"Why did you bother with him, then?"
"Checking back on Joe Dougan-who was the man most likely to be chased across a field by Wigfull. There's no question Wigfull had him top of the list. But everything the little rogue has told us is true."
"Sounds as if you like him."
"That means nothing, but, yes, I do. In spite of everything, he's chirpy."
"And the others?"
"Not so lovable." He returned to the fridge for that lager. "But I haven't caught them seriously lying. Somerset is the bloke in a bow-tie you don't see out of doors, let alone wielding a bludgeon in a Wiltshire field. Pennycook is a junkie without a car. And Sturr doesn't have any reason to bash Wigfull. He wasn't even seen by Wigfull. What's more, he has an alibi."
"There's no one else?"
"No one I would call a suspect. I tried to see a character known as Uncle Evan who Wigfull may conceivably have gone to interview, but he's proving elusive."
"Where does he fit in?"
"He was one of the people Joe Dougan visited the day Peg Redbird was killed. At one time he owned the book that started Joe on this trail-Mary Shelley's copy of Milton."
"Uncle Evan?" The microwave pinged and she opened it and peeled the clingfilm off the plate. "I'm sure I've heard of him."
"Puppet shows. He tours the fetes and fairs all summer."

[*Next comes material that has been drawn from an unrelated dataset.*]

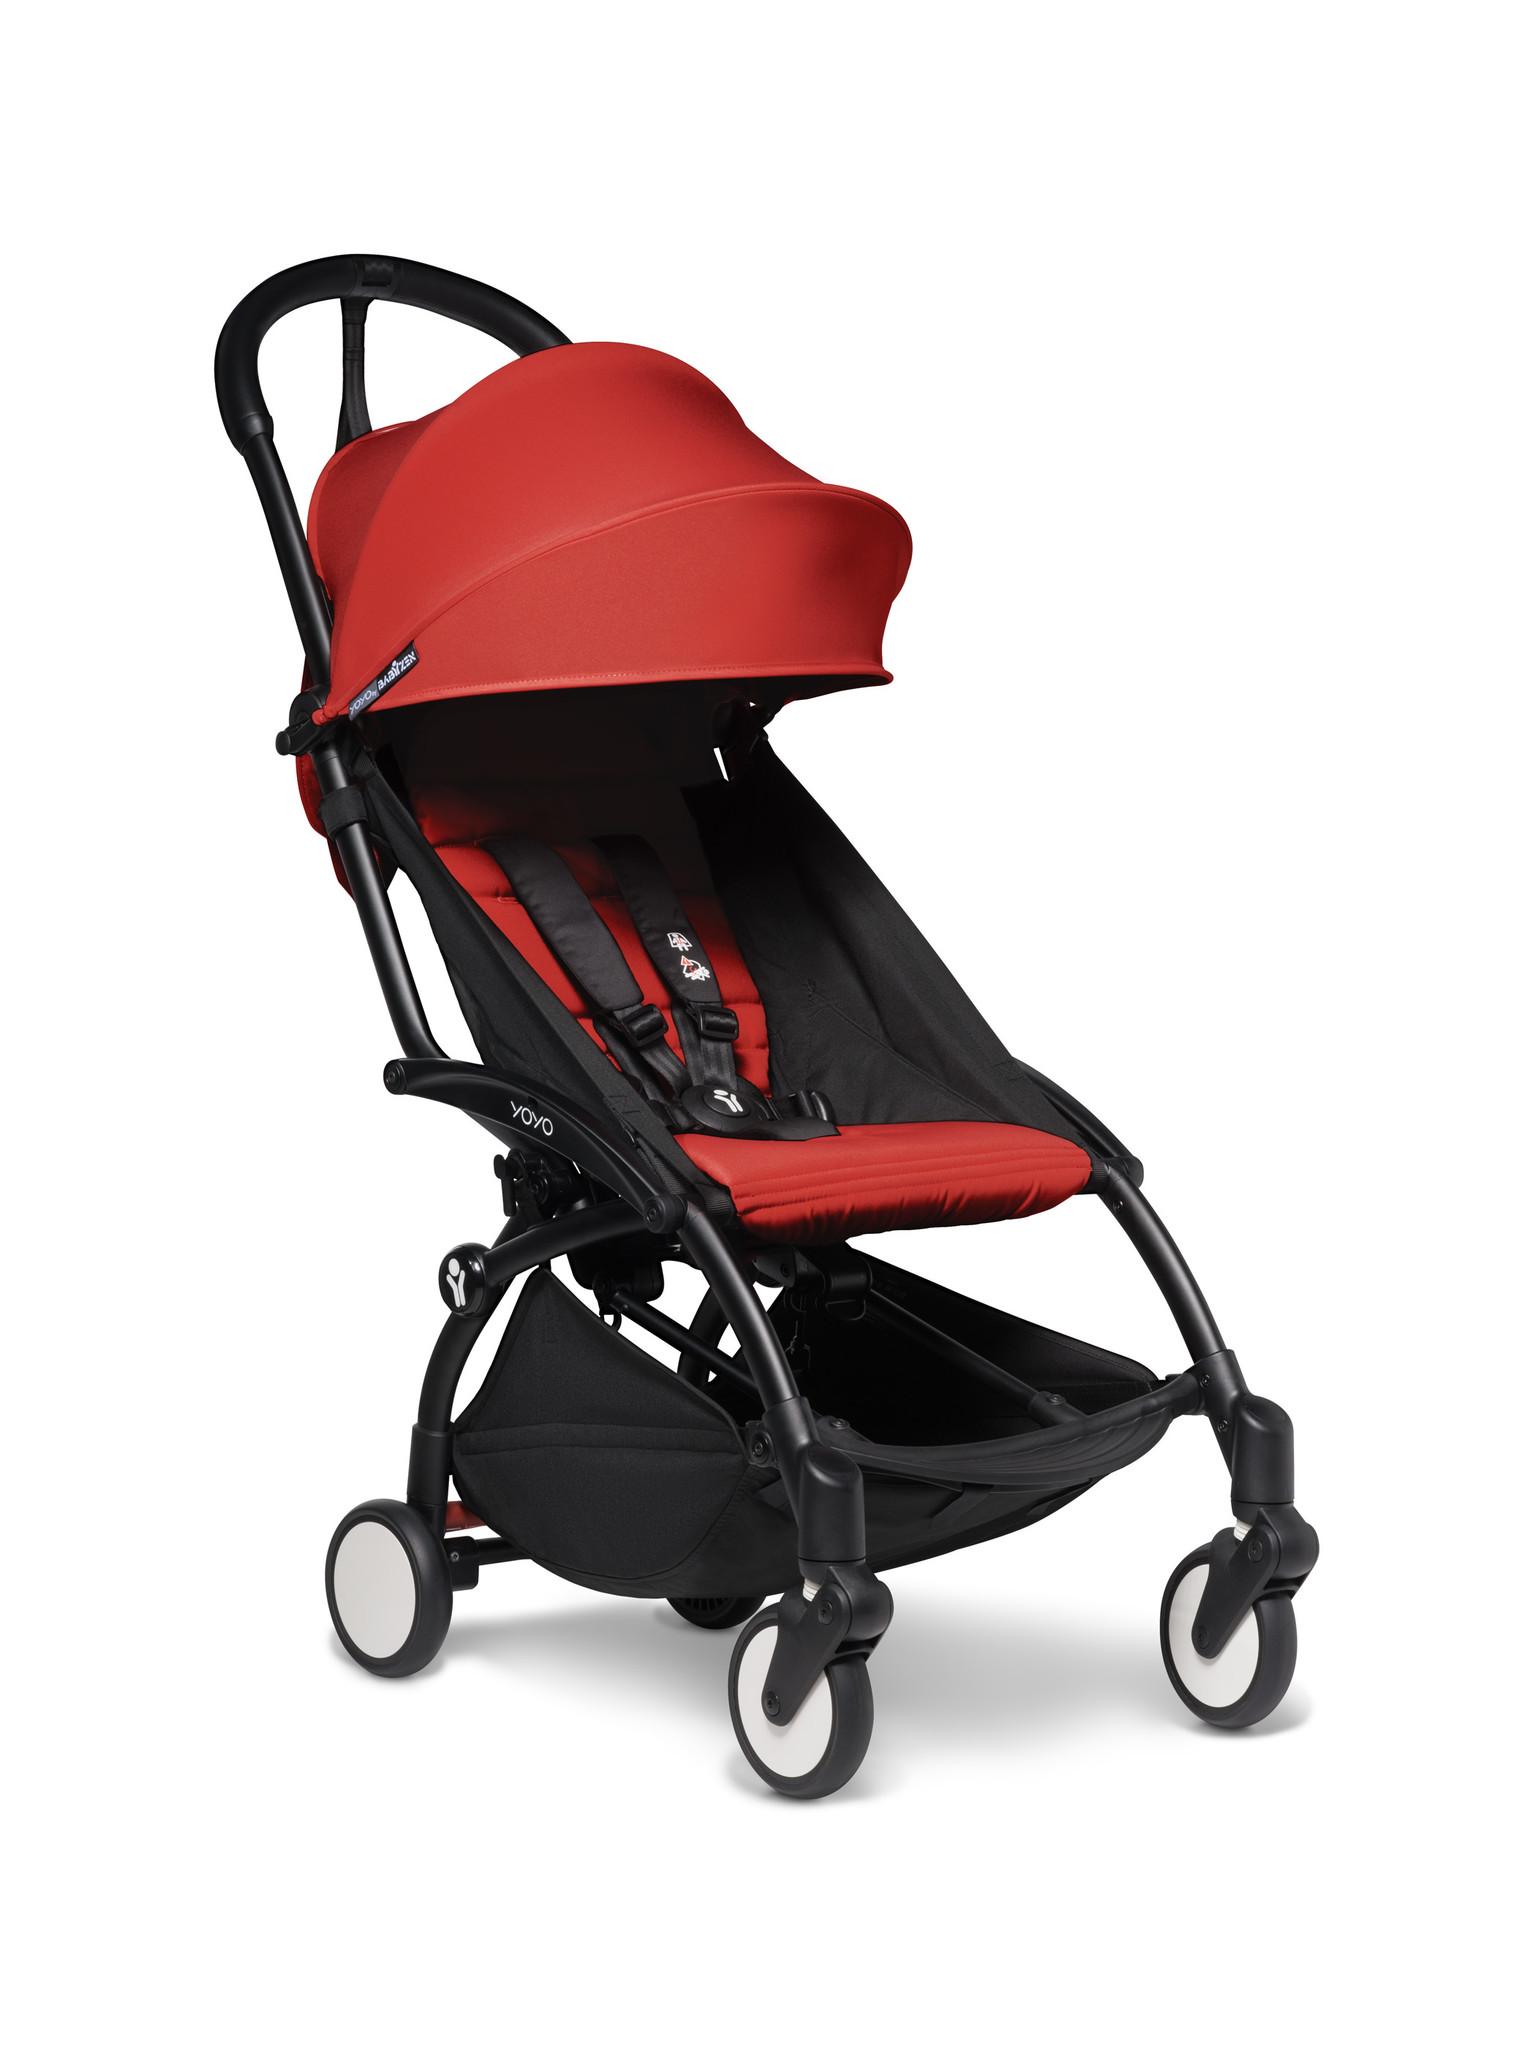 Babyzen Babyzen YOYO² Buggy KOMPLETT / VOLL SET 0+ und 6+ roter Rahmen schwarz inkl. YOYO² BeSafe Autositz schwarz
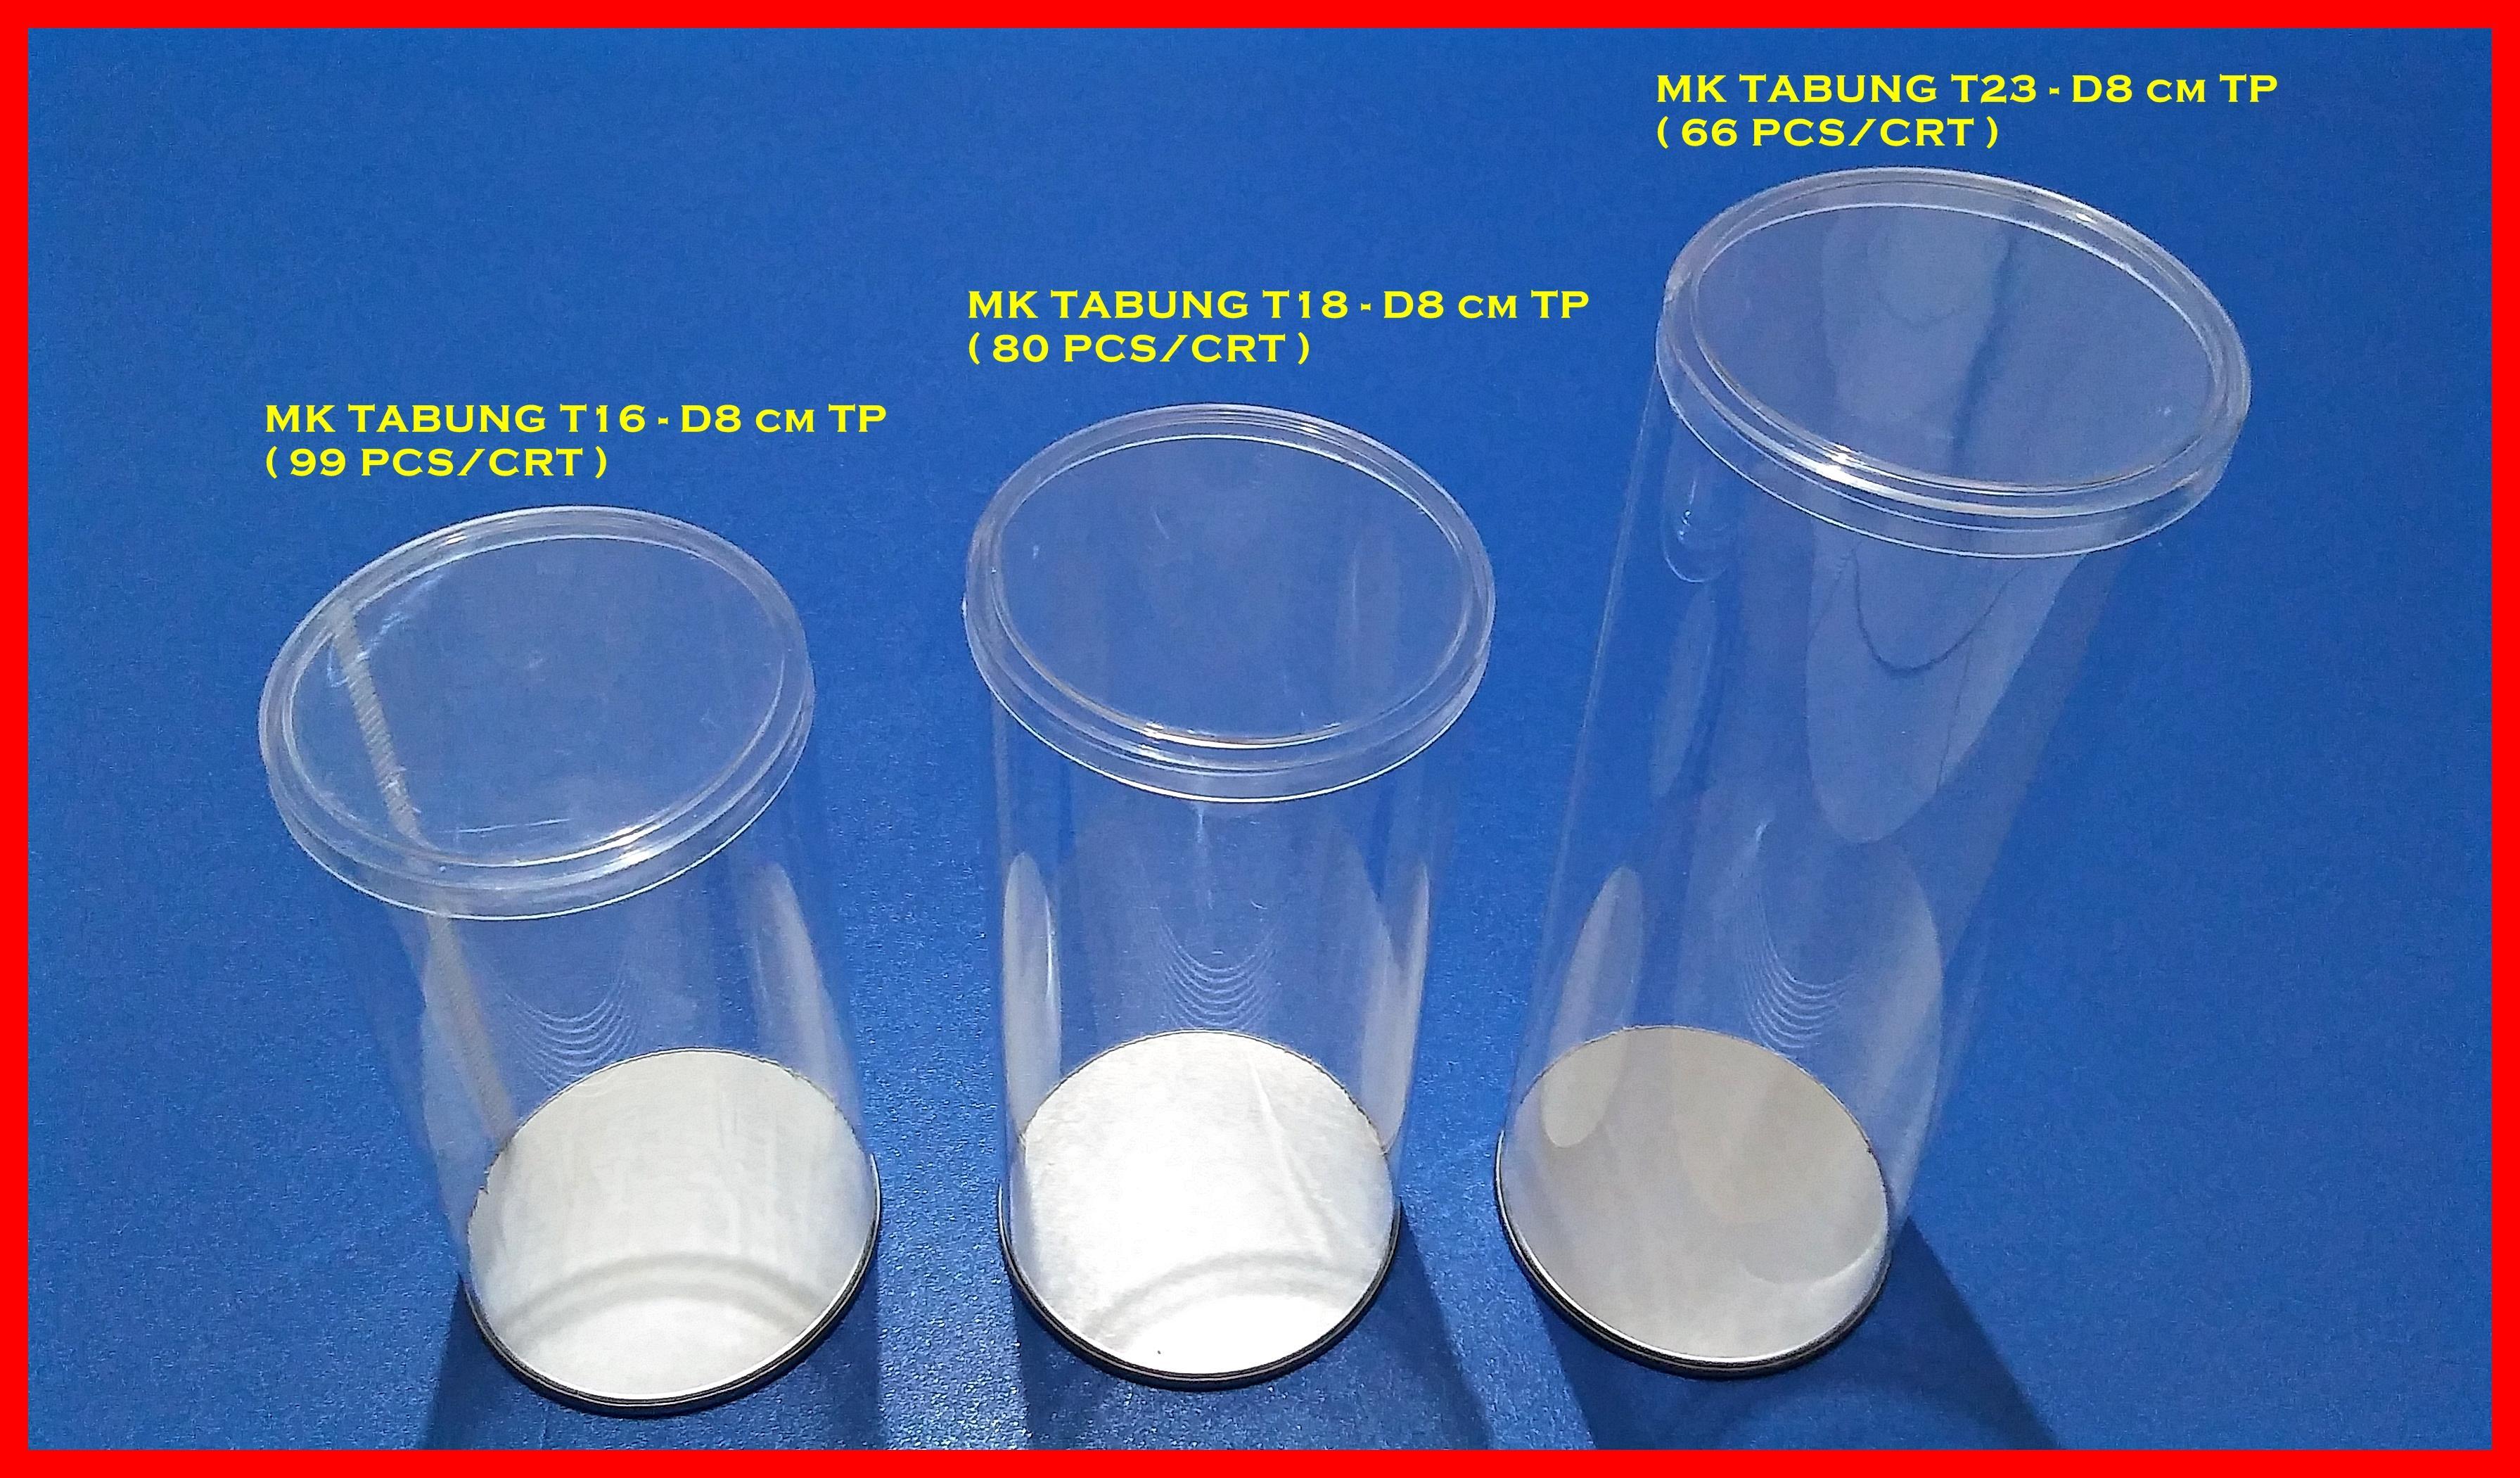 Jual Plastik Roll Pembungkus Harga Murah Berkualitas Indotrading Bagus Cling Wrap Box 45 Cm X 30 M Polyethylene Non Pvc Mika Tabung

"That's it, then. I've seen his advert in the paper. Do you want to eat here?"
"Fine."
"Brown sauce?"
"Please."
"Better take the picture off the table, then. You know what happened last time you shook the bottle."
She moved it to the safety of the front room. While Diamond ate, Steph gave some thought to the problem of Wigfull's attacker. "This all happened out Stowford way, didn't it?"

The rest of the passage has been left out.